Дежурные менялись — он их не видел. Входил кто-то с дровами — Коршак здоровался с этим человеком, даже говорил с ним о чем-то. Но и его не узнал, когда закончил свою работу. Ему не мешали, не напоминали, что пора бы и честь знать, что уже все моряки с каравана отправлены важный порт на рейсовых самолетах. Что здесь остался только он один. И только потом он понял — это Стоппен, как по эстафете от Феликса, передал его командиру части. Тот ждал Коршака к себе, и ему доложили, что происходит с Коршаком. И подполковник приказал — пусть сидит, не мешать. Прапорщик Светляев пусть позаботится — чай ему туда доставит, заварку, плитку… Потом поговорим.

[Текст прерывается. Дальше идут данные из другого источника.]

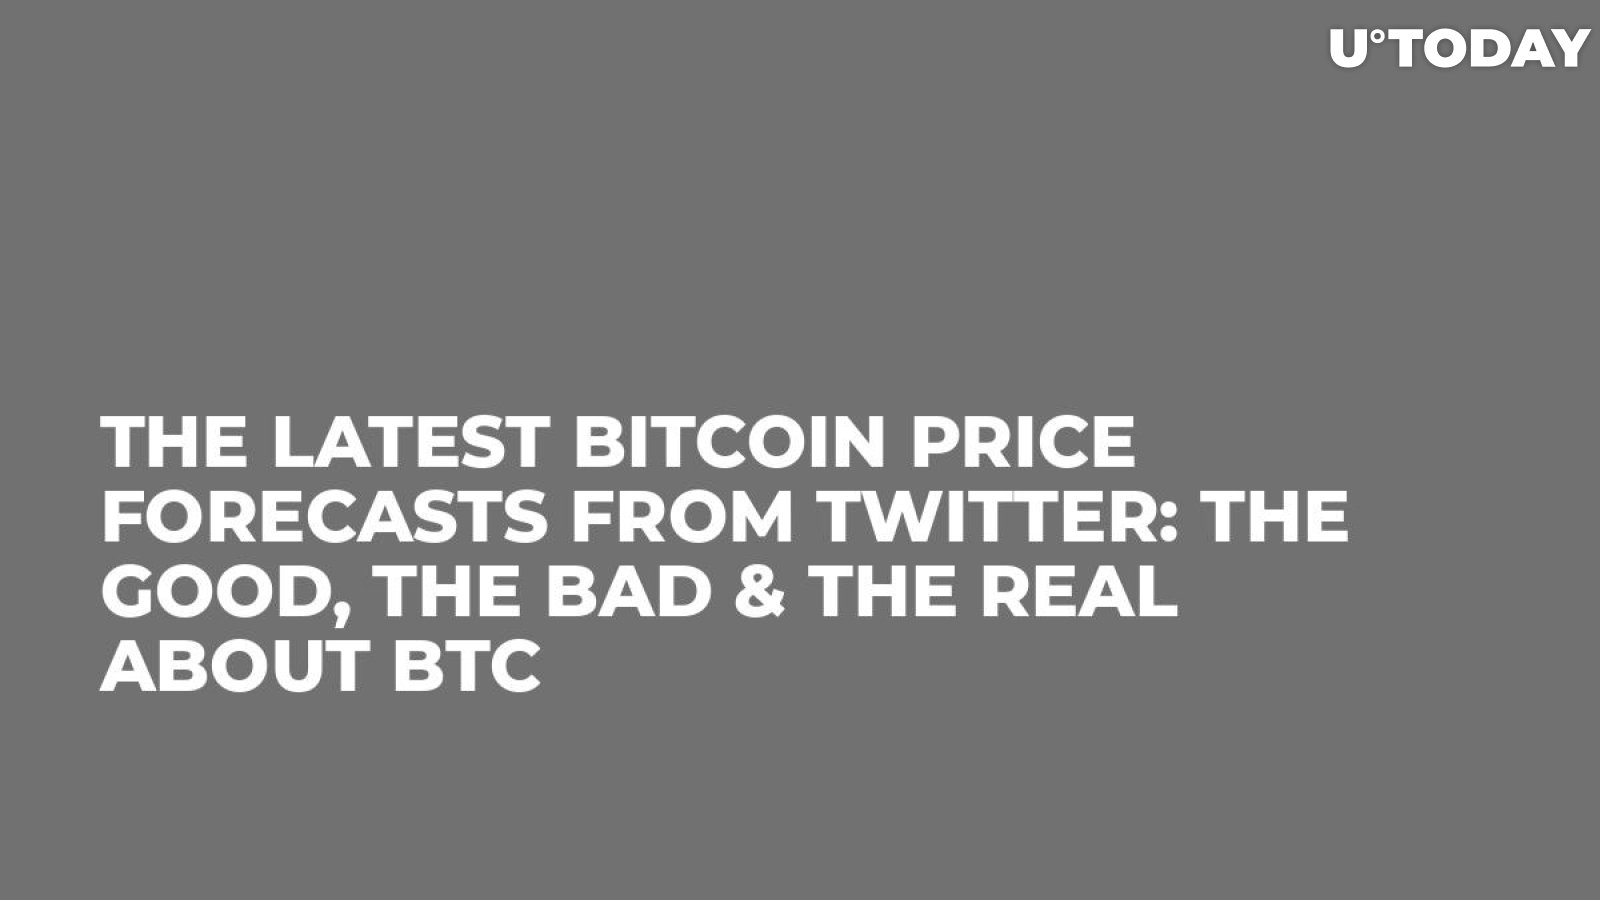 The Latest Bitcoin Price Forecasts from Twitter: The Good, the Bad & the Real About BTC

Его собственная бумага подсохла за это время. Еще три дня ушло на перепечатку — печатал Коршак как радист на приеме. И знал, что если не отправит рукопись сейчас, не отправит ее никогда.

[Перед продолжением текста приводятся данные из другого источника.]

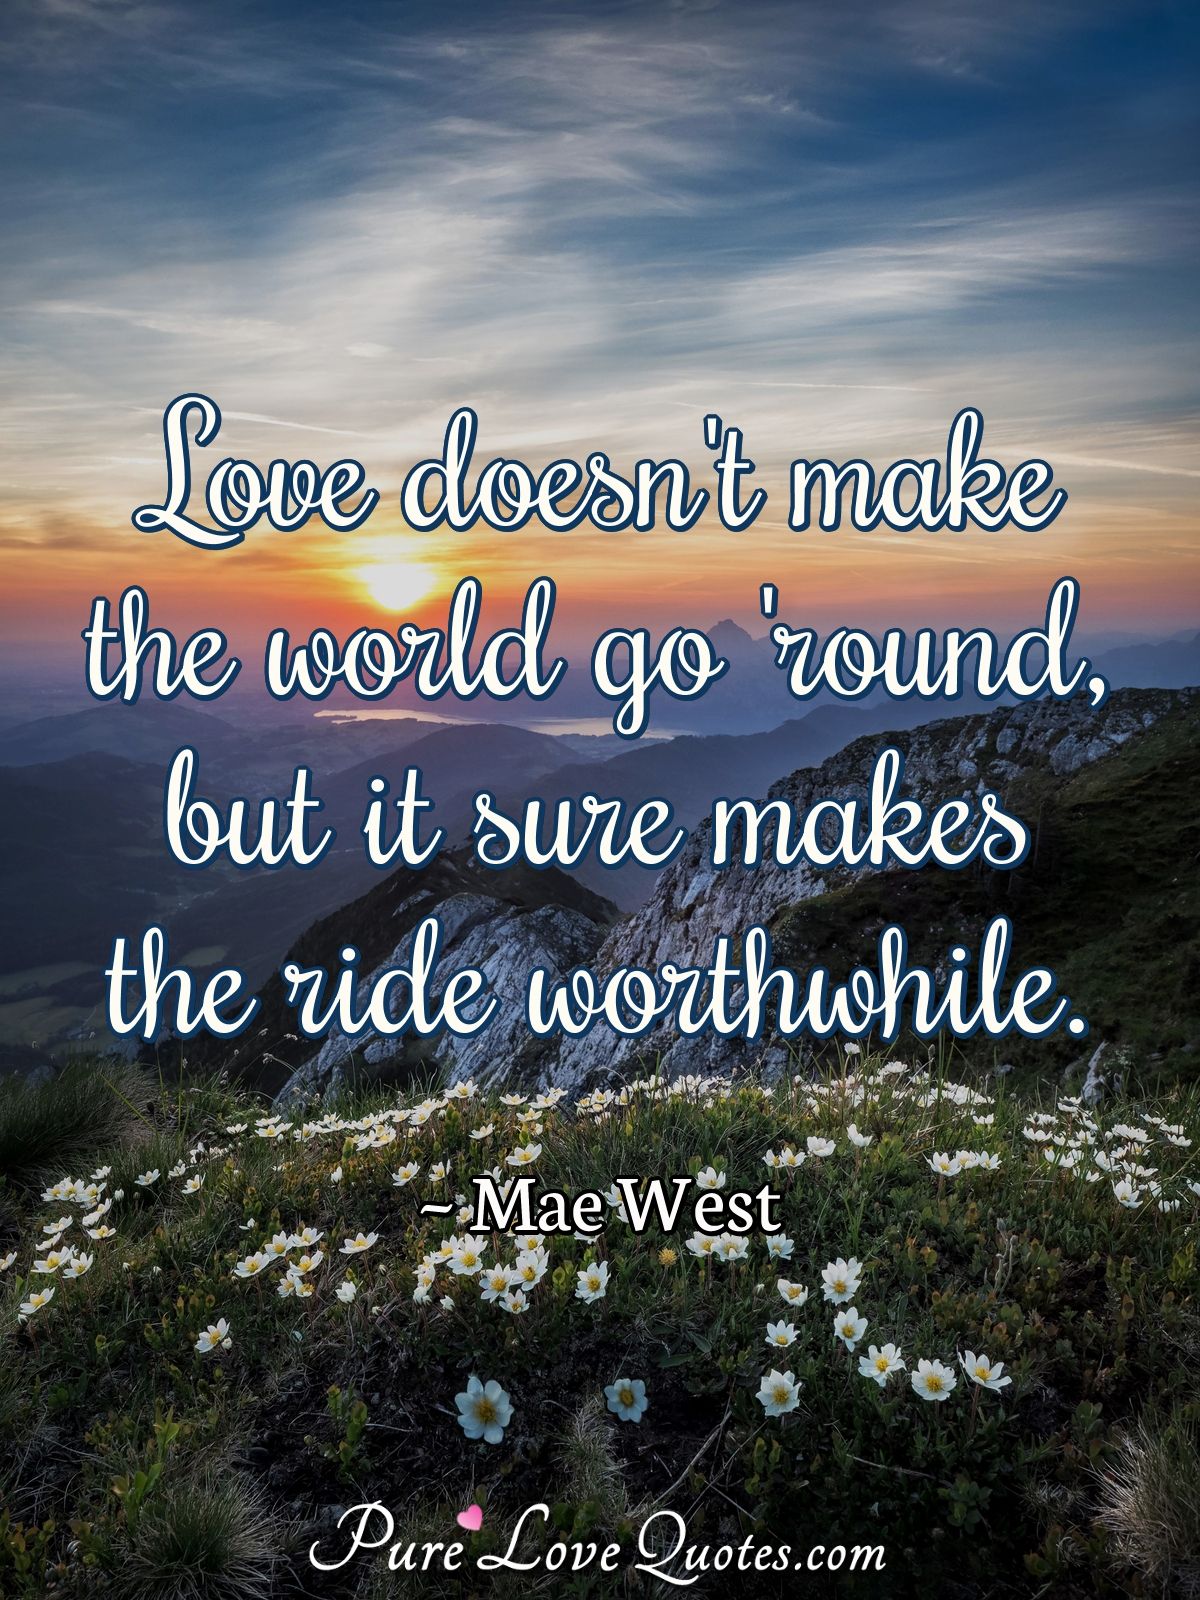 Love doesn't make the world go 'round, but it sure makes the ride worthwhile. - Mae West

— Я хочу попросить вас, — обратился он к дежурной, и только тут вспомнил, что у этой красивой холеной женщины, наверное, жены какого-нибудь офицера, работающей здесь потому, что другой работы в гарнизоне нет, а киснуть дома не хочется, он просил бумагу в день своего поселения. — Простите, — поправил он себя. — Большое спасибо за бумагу и за все…
— Да ради бога! Что вы!
— И позвольте попросить вас. Не отправите ли это? Я не знаю, где здесь почта и, честно признаюсь, если пойду отправлять сам — передумаю и не отправлю. Вот деньги, адрес я написал. А?..
Она согласилась, скрывая любопытство и сдерживая себя, чтобы не спрашивать его ни о чем более.
* * *
Коршак вышел из гостинички. И словно воскресла давняя-давняя любовь. Он дышал сырым и холодным воздухом этого маленького городка на берегу океана, похожего на давний, оказывается не забытый, городок, и не мог надышаться. Две стихии давали себя знать во всем его облике — небо и море. Дома на галечнике, окна, затянутые целлофаном от упаковок чего-то авиационного, потому что целлофан был плотен и прочен. Дома огорожены отслужившим свое дюралем, состарившимся корабельным железом, кое-где перевернутые и неперевернутые, закрытые брезентом или фанерой лодки и катера. Городок просматривался насквозь. Центральная улица спускалась к морю. Там неподвижно маячили мачты зимующих здесь кораблей и ботов. Пахло снегом и лесом. Зима здесь еще не стала. Да она тут никогда и не бывала такой, как на материке — с лютой стужей, с ярым солнцем, с легким снегом… Здесь она словно пребывала в раздумье — быть ей или не быть, не то застенчивая, не то грустная. Как из детства, из Ленинграда, может быть. И чувство тоже грустной, как эта широкая мягкая зима, свободы заполнило Коршака.